_DATASET EXTRACT_
== Segment start ==

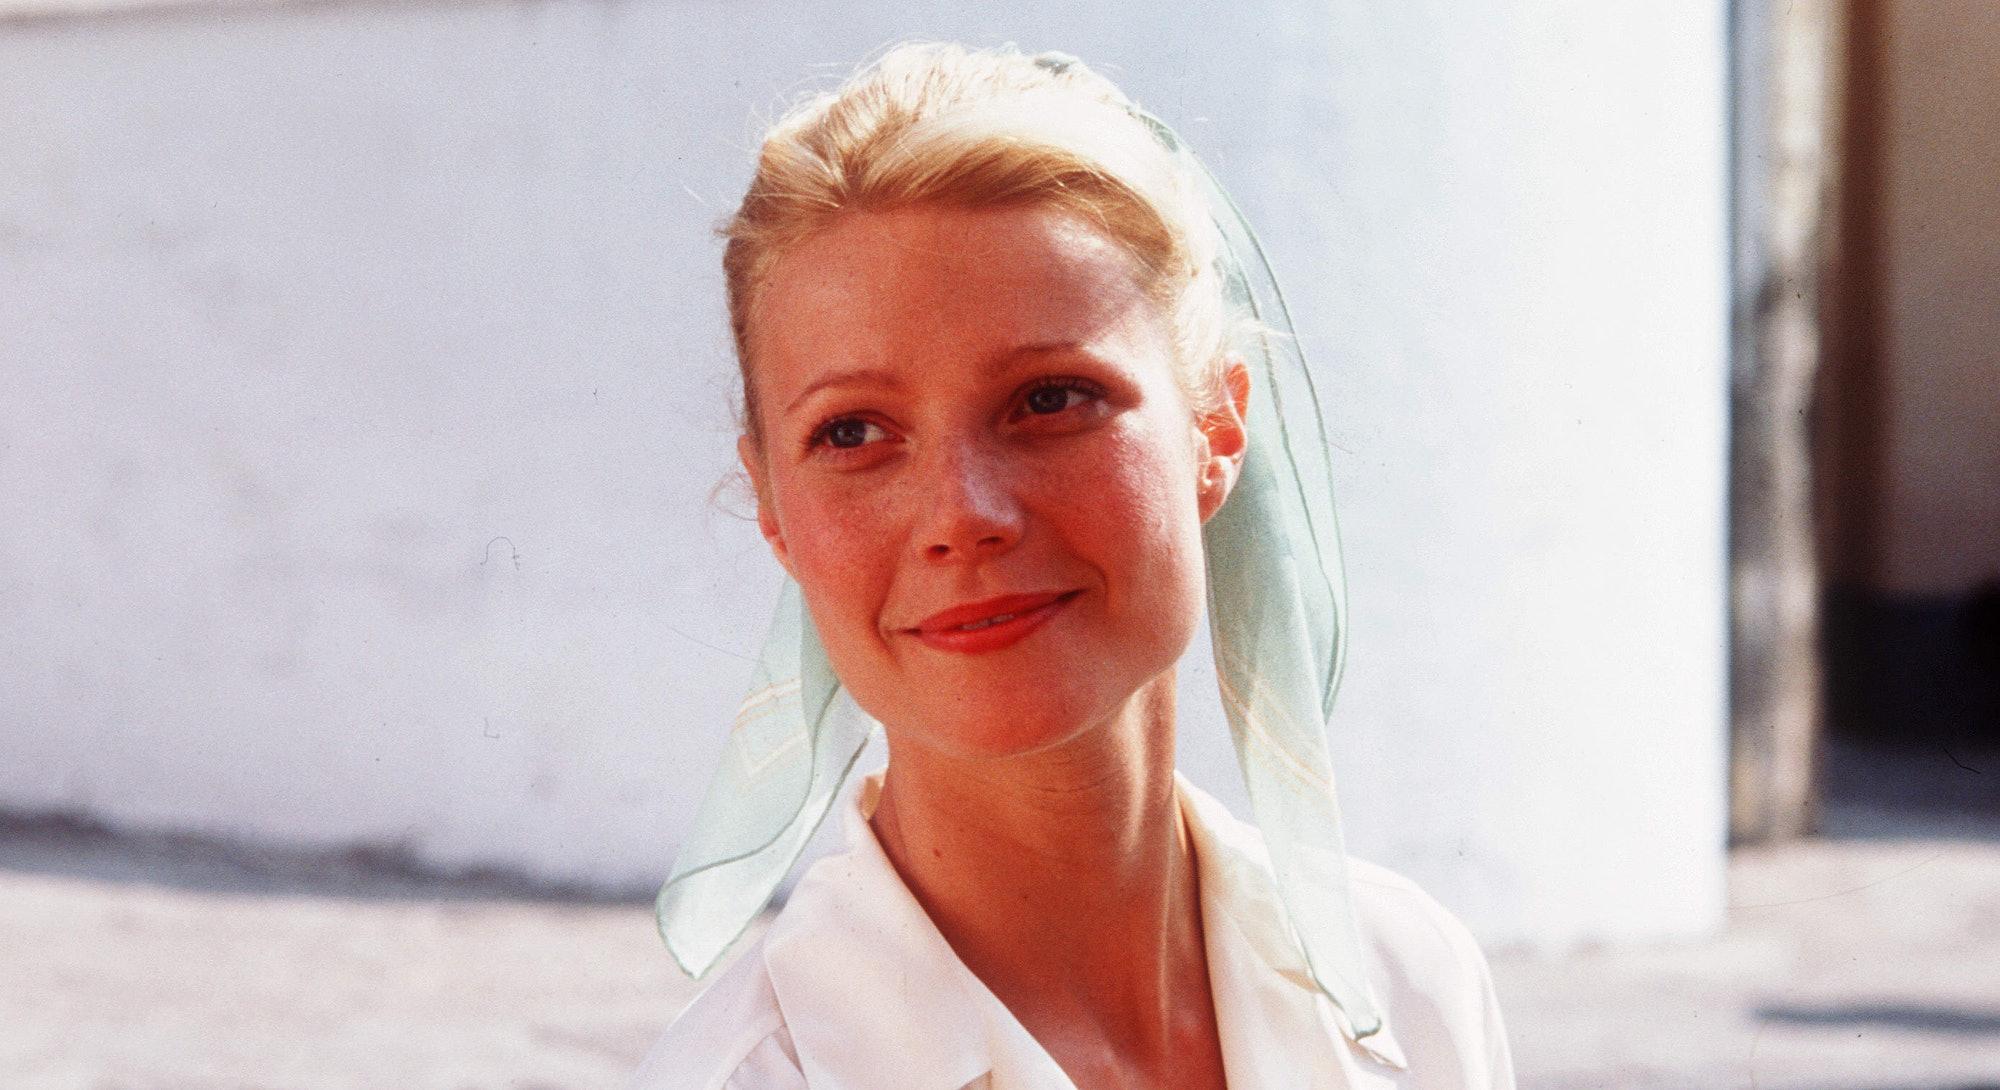 Gwenyth Paltrow In 'The Talented Mr. Ripley.'
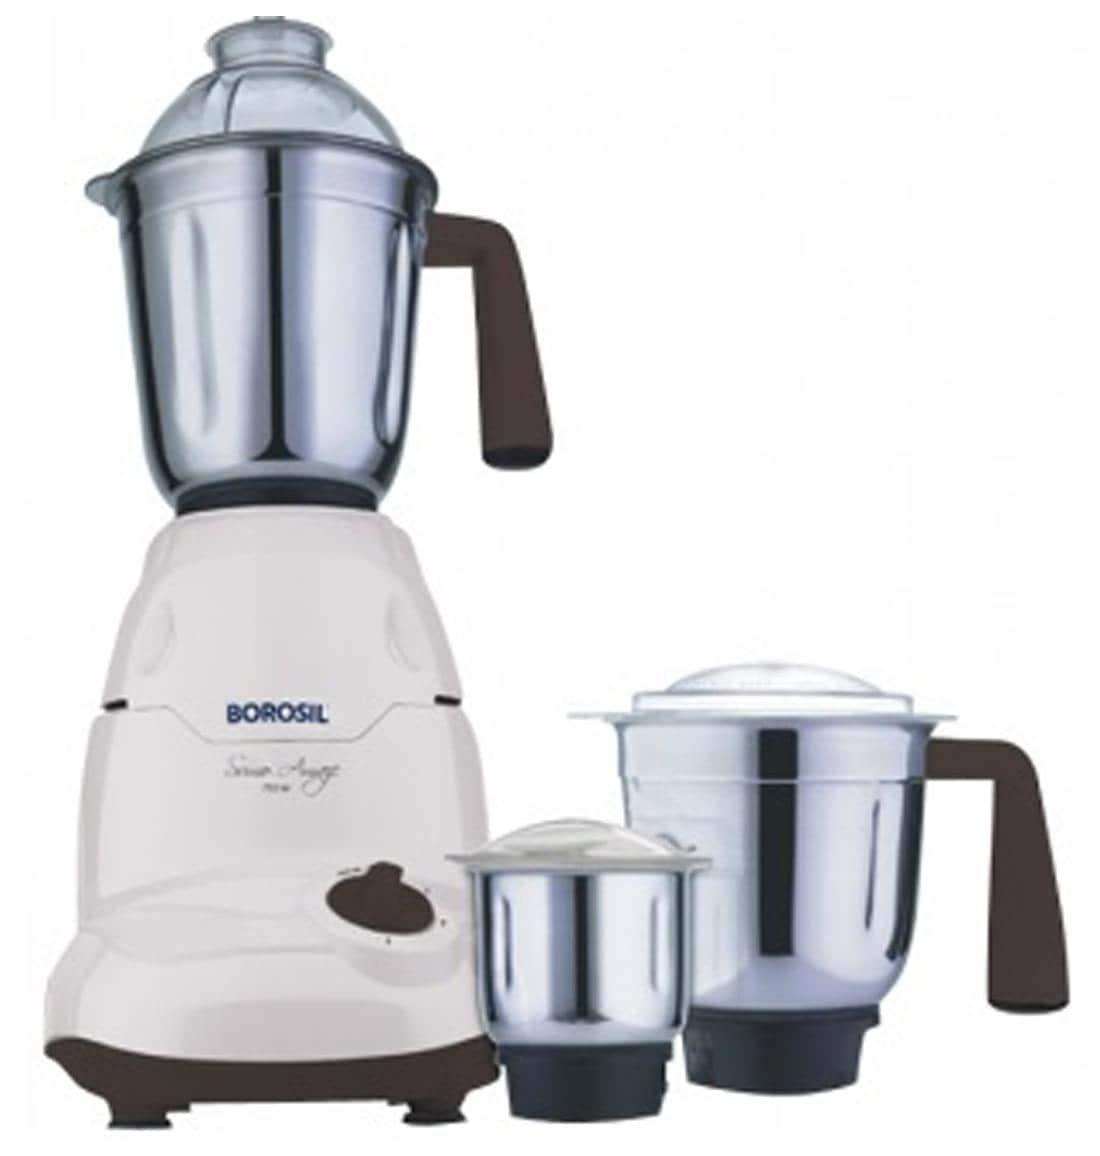 Borosil Sumo Amaze 750W Mixer Grinder (White, 3 Jar)
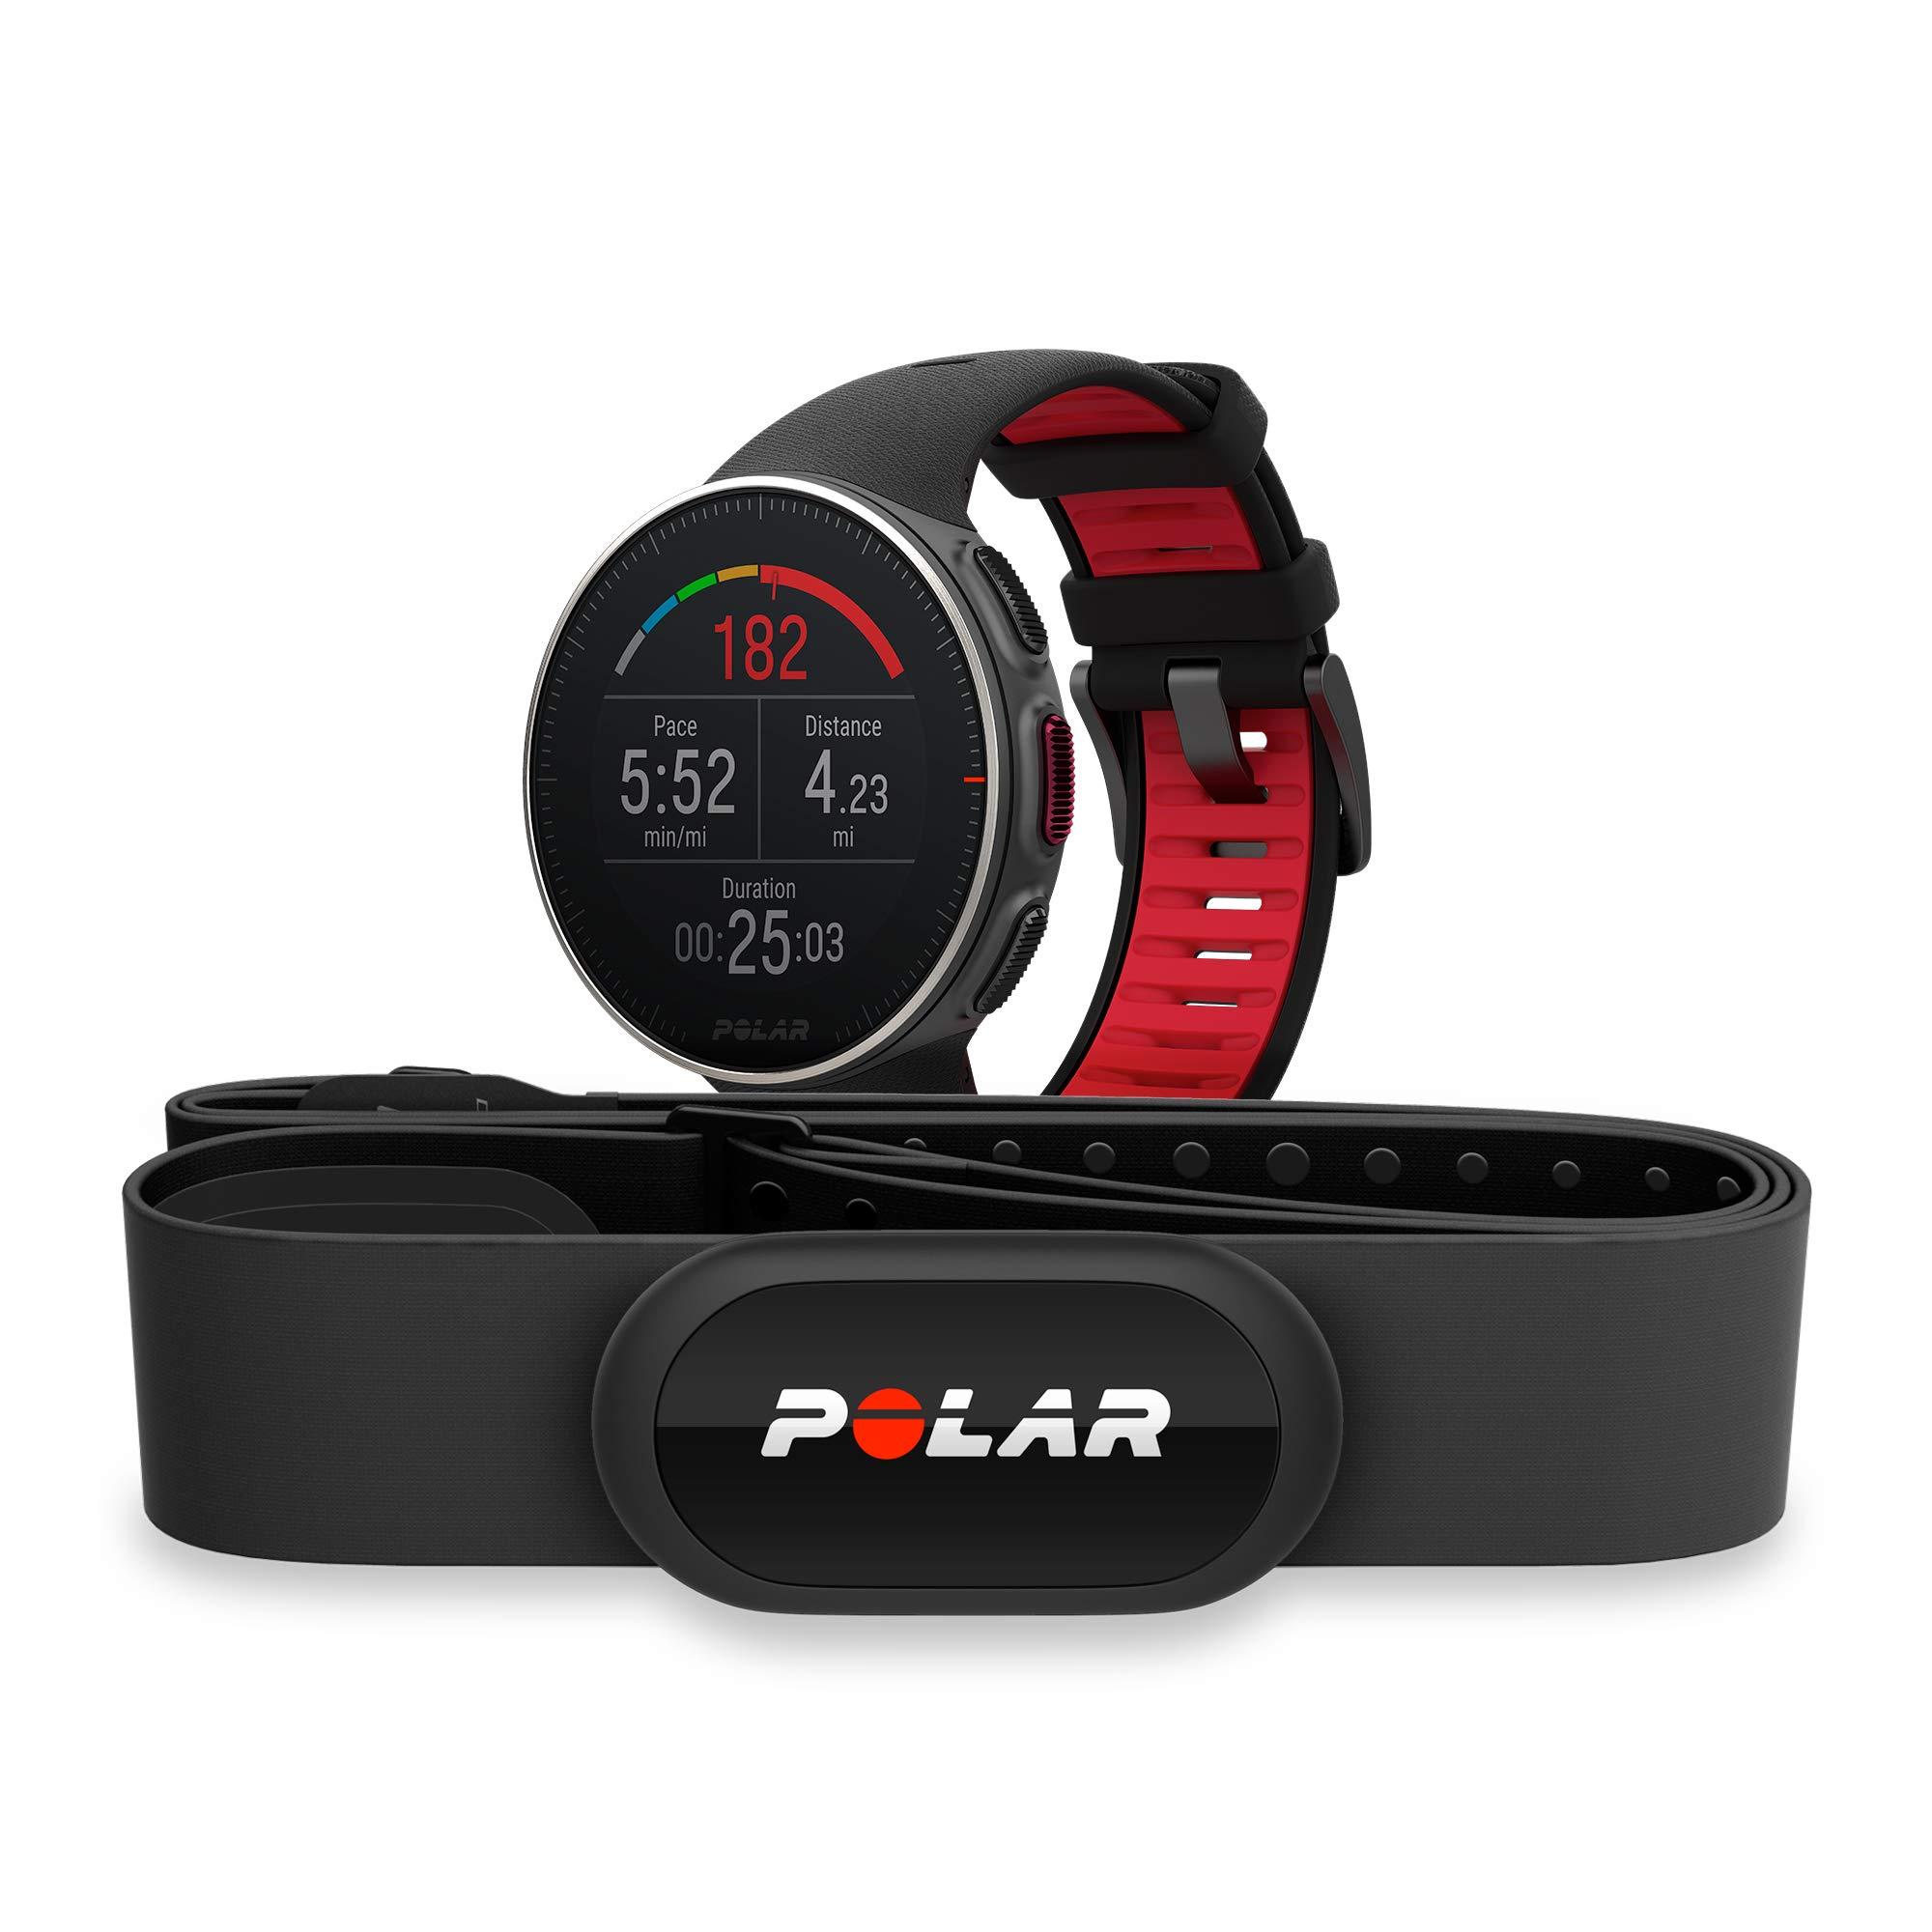 Polar Vantage V Titan, Advanced GPS Multisport Watch with H10 HRM Chest Strap for Multisport and Triathlon Training, (HRM, Running Power, Waterproof)

== Segment end ==

_TRY IT_
Return the listing verbatim; pictures are not part of the copy.

_EXERCISE RESULT_
 Gwenyth Paltrow In 'The Talented Mr. Ripley.'
 Borosil Sumo Amaze 750W Mixer Grinder (White, 3 Jar)
 Polar Vantage V Titan, Advanced GPS Multisport Watch with H10 HRM Chest Strap for Multisport and Triathlon Training, (HRM, Running Power, Waterproof)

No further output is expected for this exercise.